## BRIEF
From top to bottom, print the listing word for word and skip any pictures it contains.

## GIVEN MATERIAL
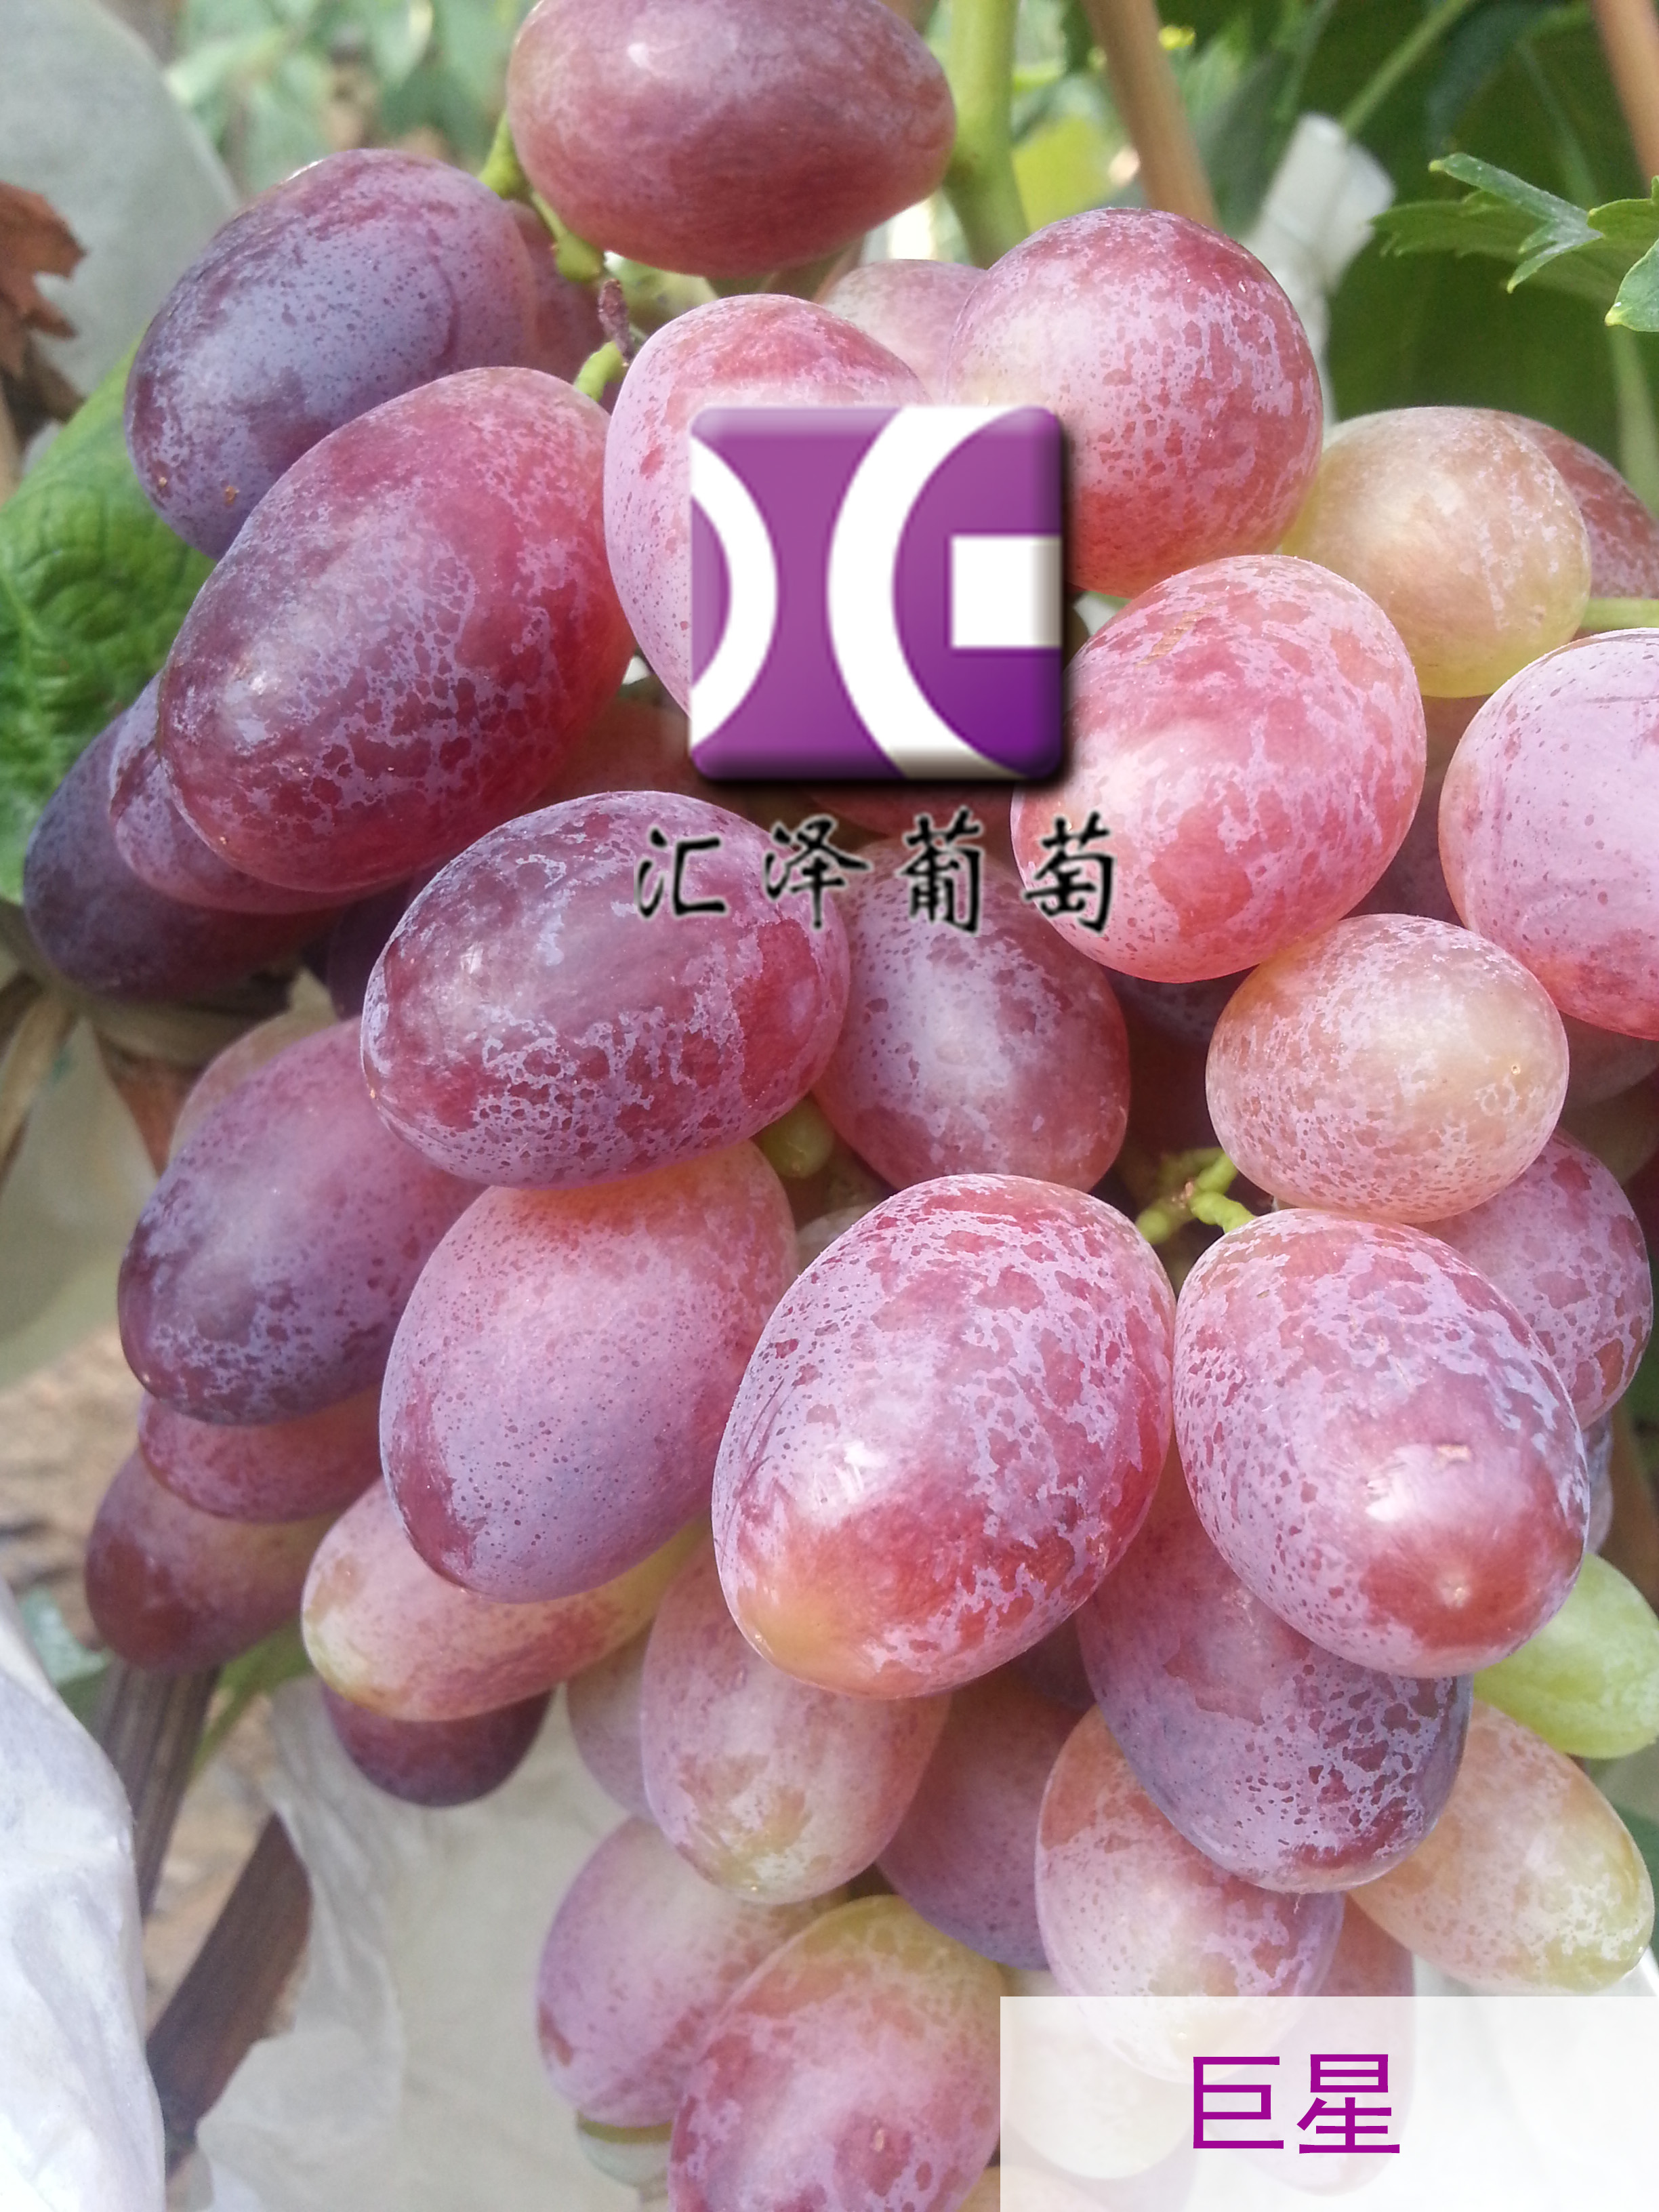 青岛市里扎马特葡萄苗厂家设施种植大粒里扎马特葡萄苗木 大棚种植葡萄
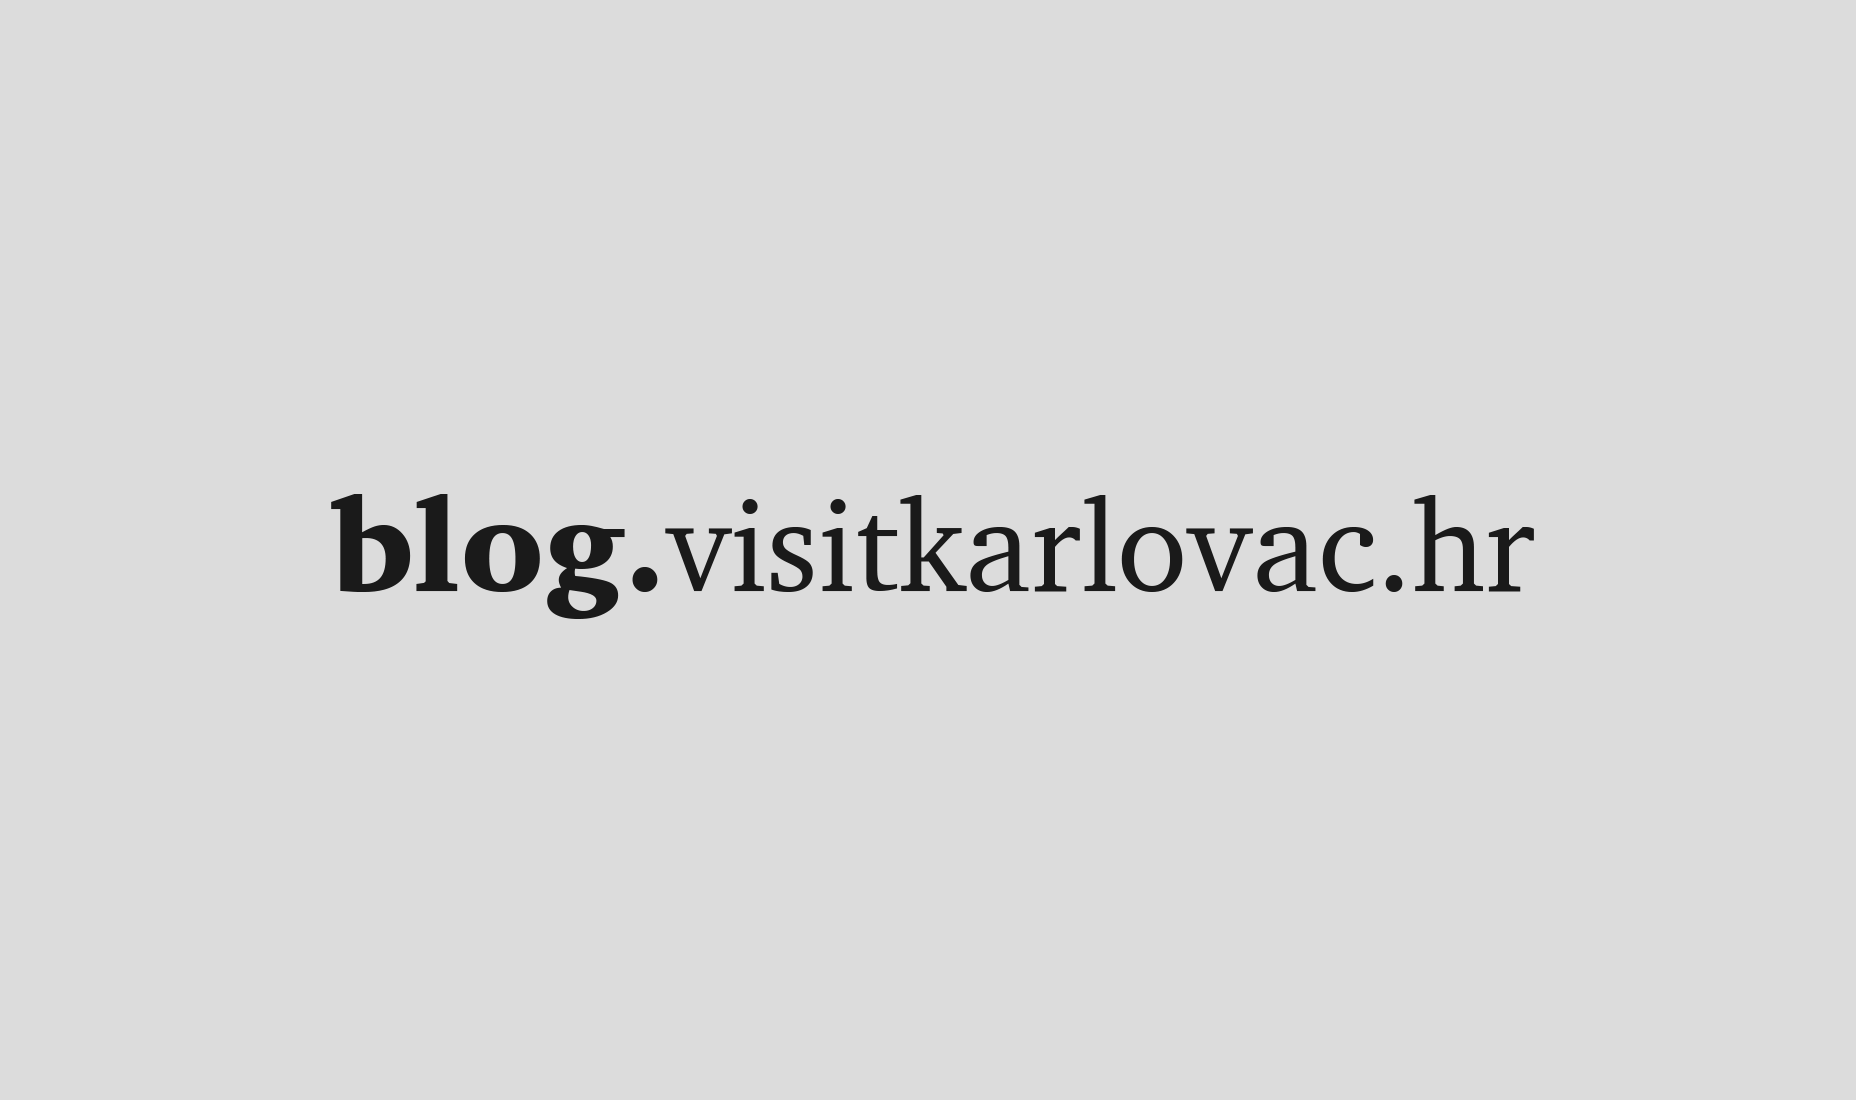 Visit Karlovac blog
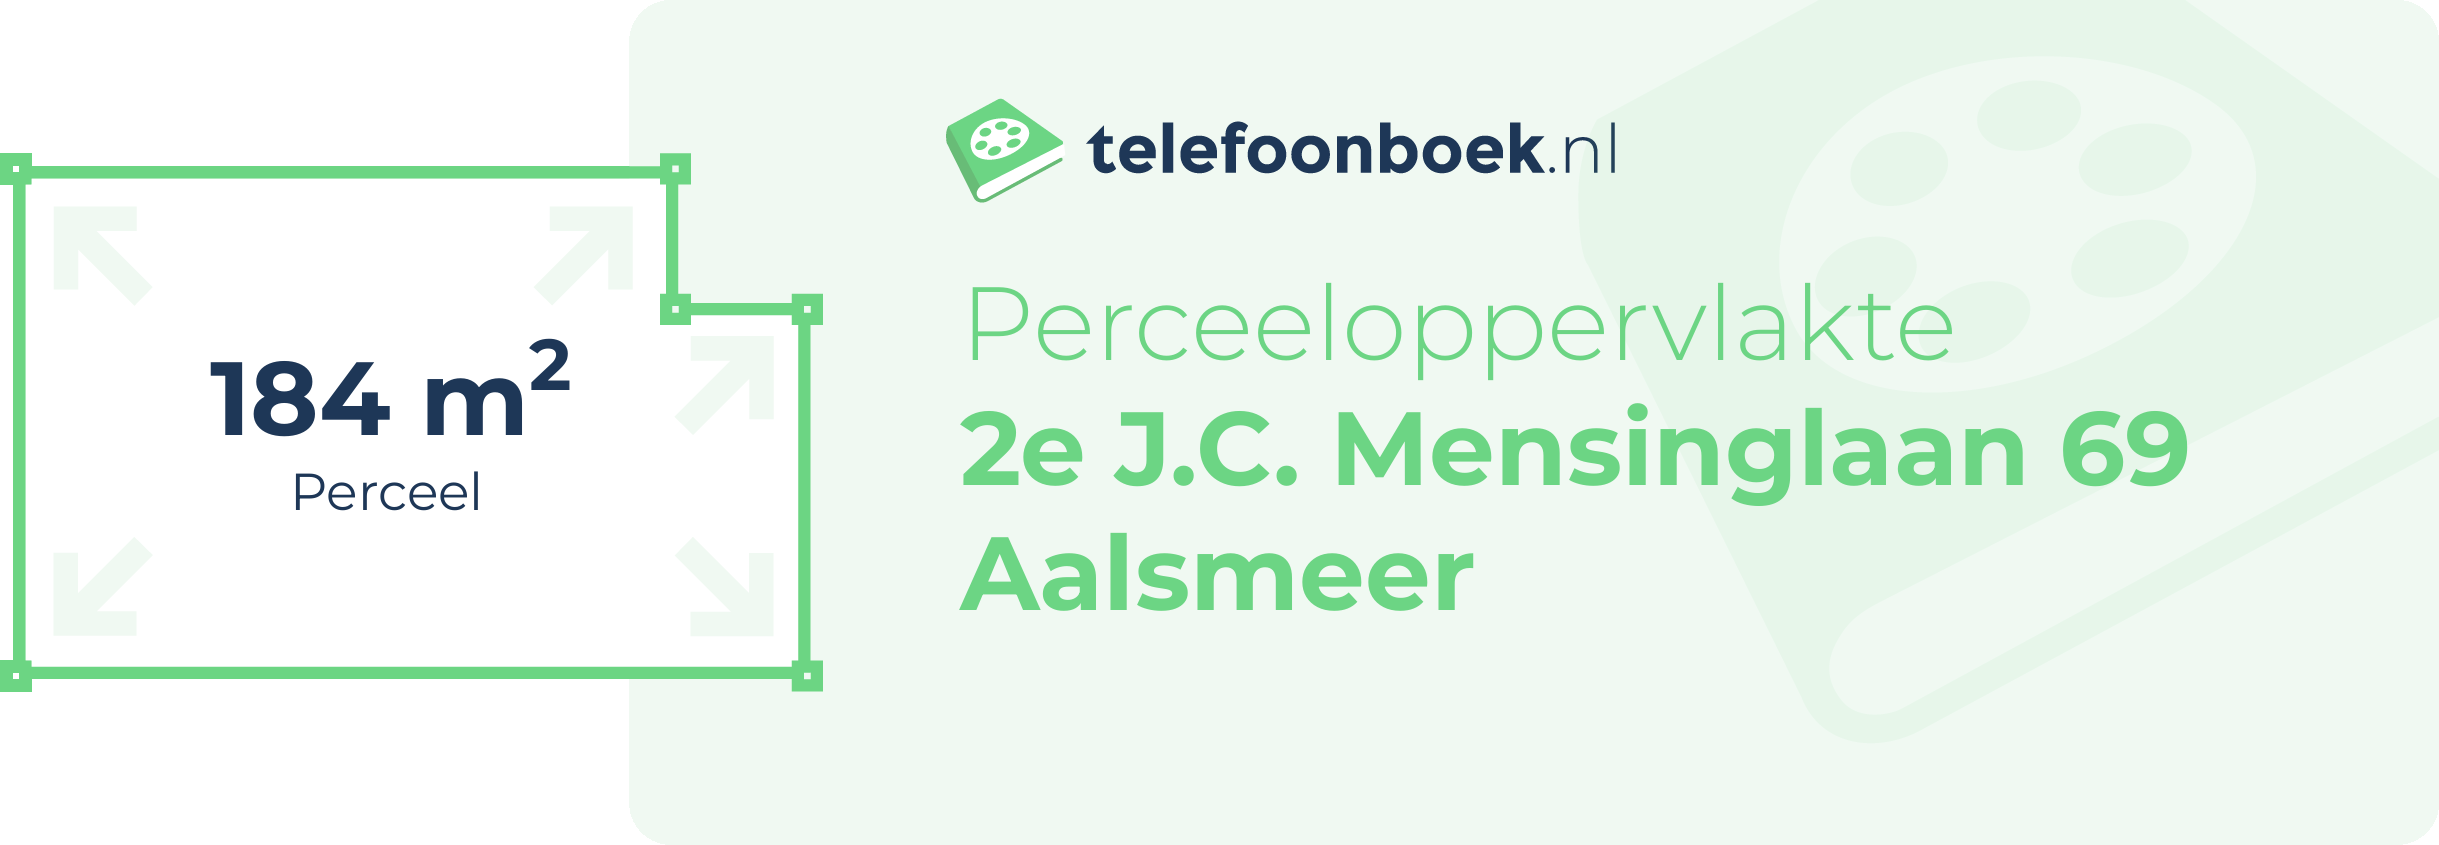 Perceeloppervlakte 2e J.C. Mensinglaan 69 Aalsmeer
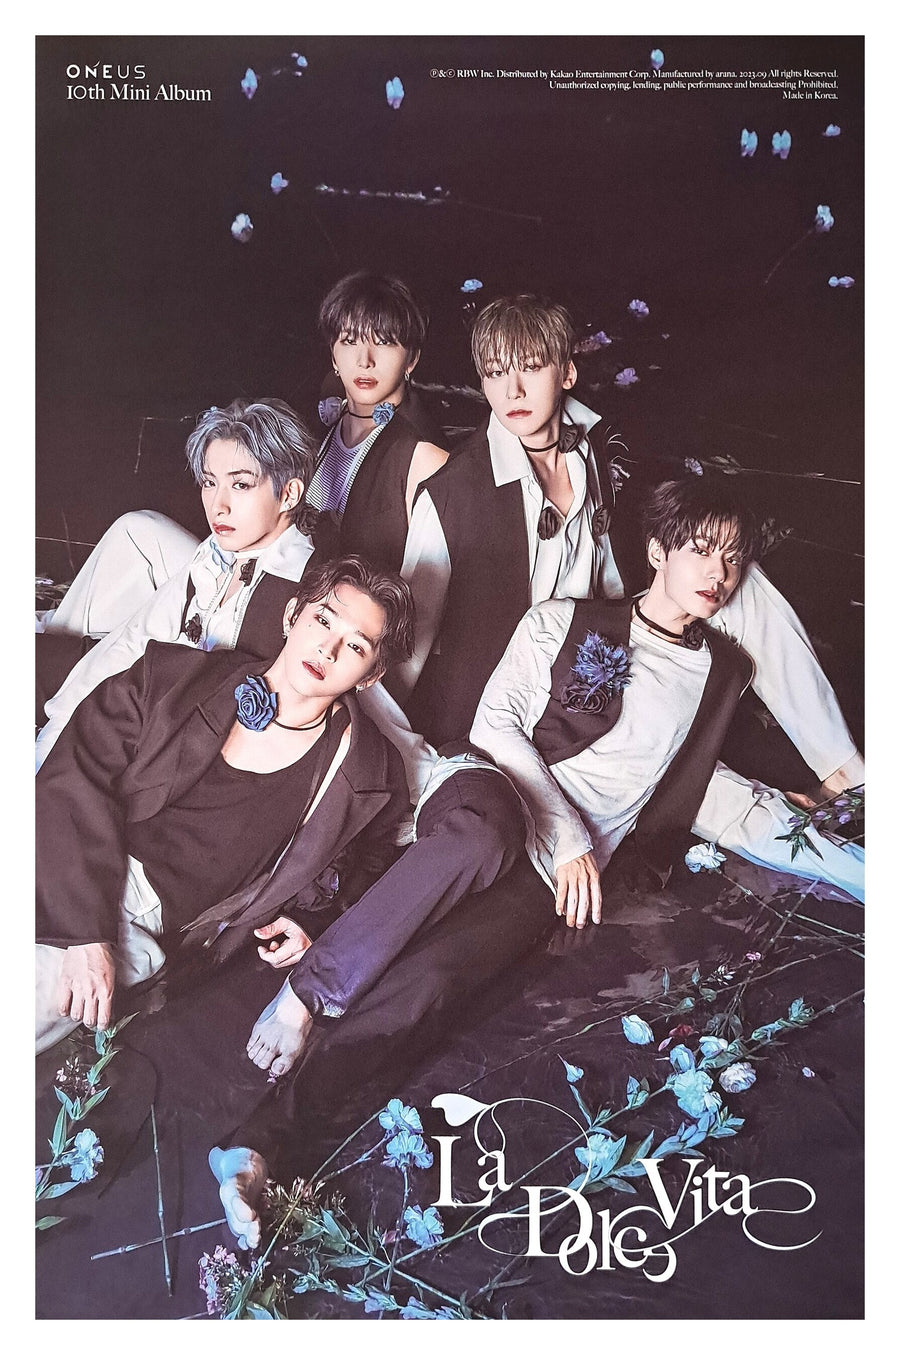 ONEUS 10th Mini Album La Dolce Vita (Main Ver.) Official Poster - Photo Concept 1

## EXERCISE RESULT
 青岛市里扎马特葡萄苗厂家设施种植大粒里扎马特葡萄苗木 大棚种植葡萄
 Visit Karlovac blog
 Perceeloppervlakte 2e J.C. Mensinglaan 69 Aalsmeer
 ONEUS 10th Mini Album La Dolce Vita (Main Ver.) Official Poster - Photo Concept 1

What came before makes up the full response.